*** DATA IN THIS EXERCISE ***

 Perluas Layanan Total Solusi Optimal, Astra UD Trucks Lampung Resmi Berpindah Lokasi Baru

*** End of DATA IN THIS EXERCISE ***
*** DATA IN THIS EXERCISE ***

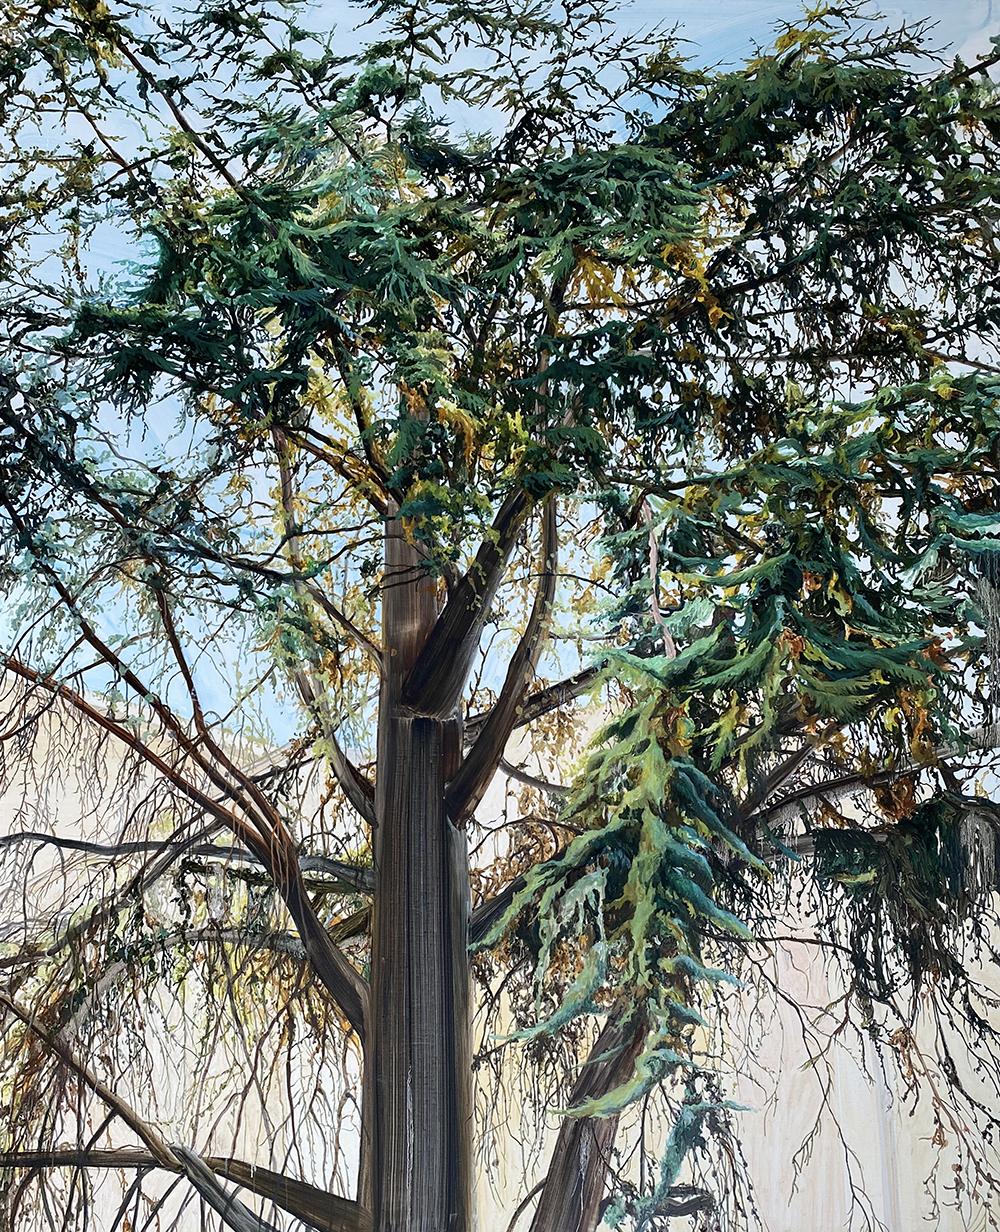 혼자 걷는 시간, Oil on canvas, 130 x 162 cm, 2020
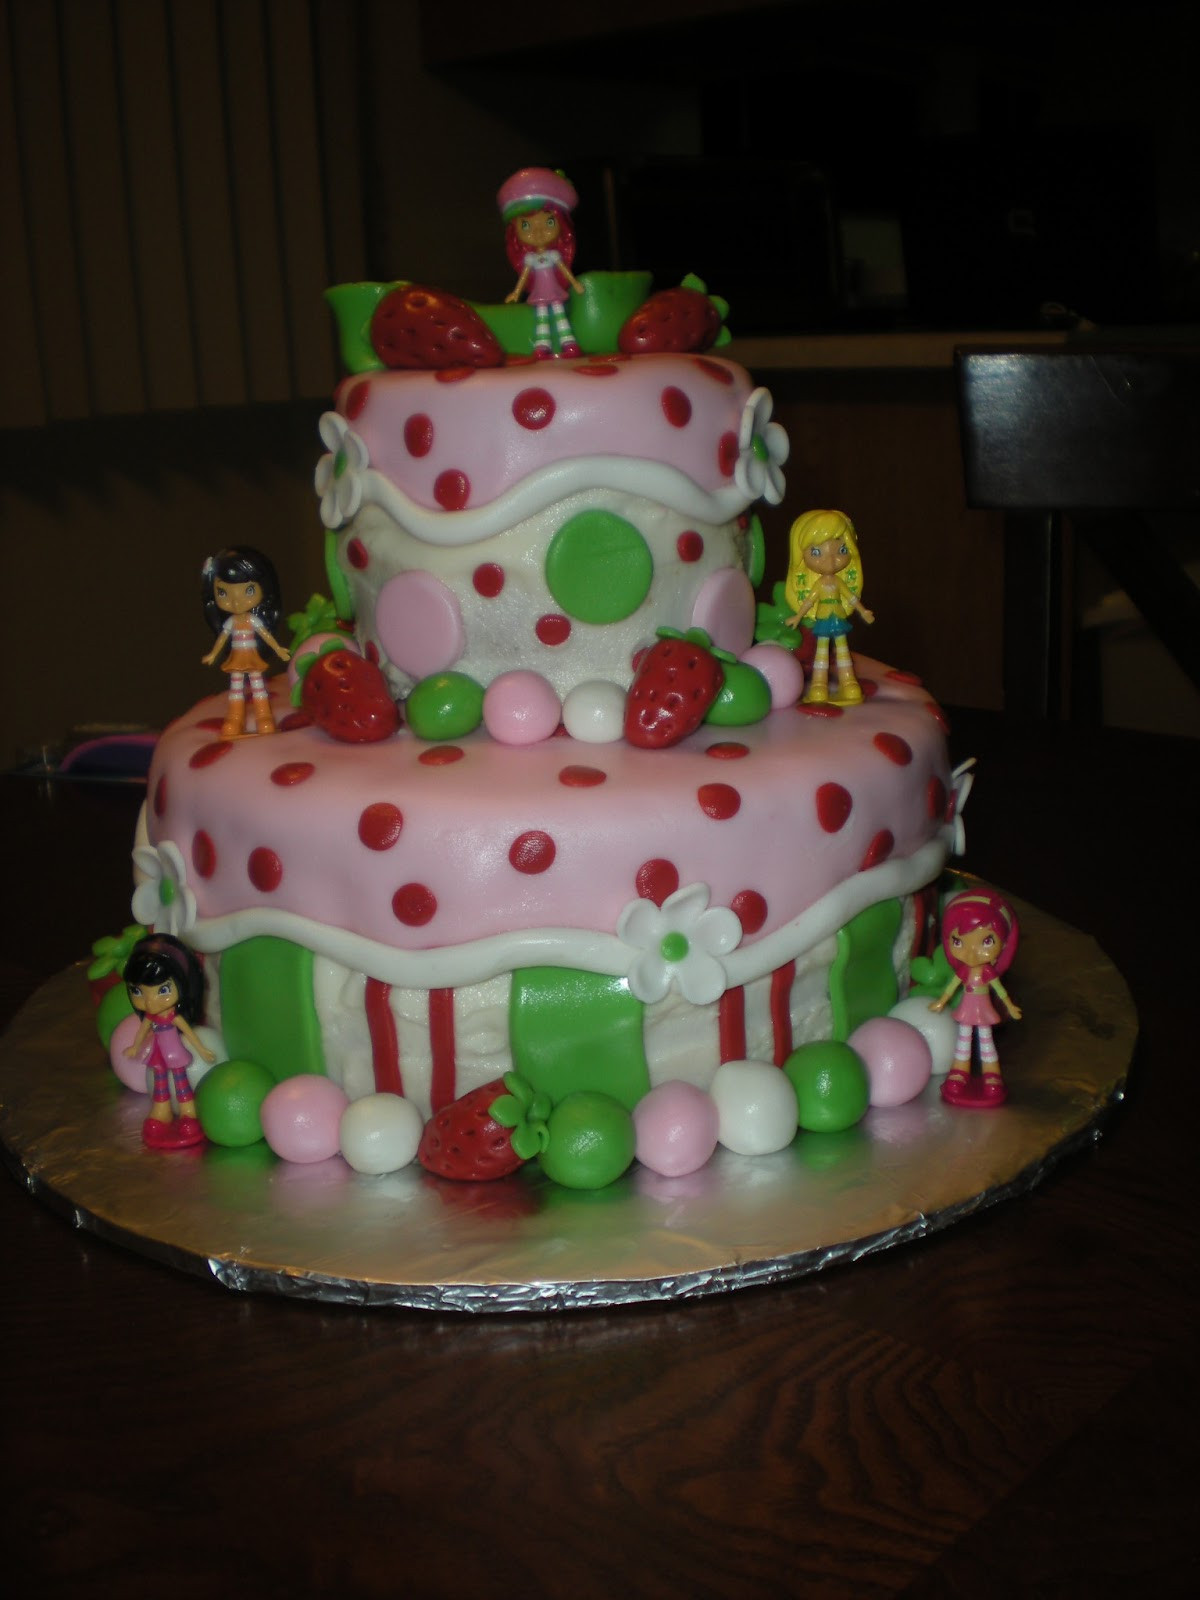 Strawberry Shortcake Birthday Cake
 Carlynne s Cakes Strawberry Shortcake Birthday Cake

*** End of DATA IN THIS EXERCISE ***

Copy only these lines from the records above, exactly: the one with "혼자 걷는 시간, Oil on canvas, 130 x 162 cm, 2020", the one with "Carlynne s Cakes", and those between. Skip the pictures.

**ANSWER BOX:**
 혼자 걷는 시간, Oil on canvas, 130 x 162 cm, 2020
 Strawberry Shortcake Birthday Cake
 Carlynne s Cakes Strawberry Shortcake Birthday Cake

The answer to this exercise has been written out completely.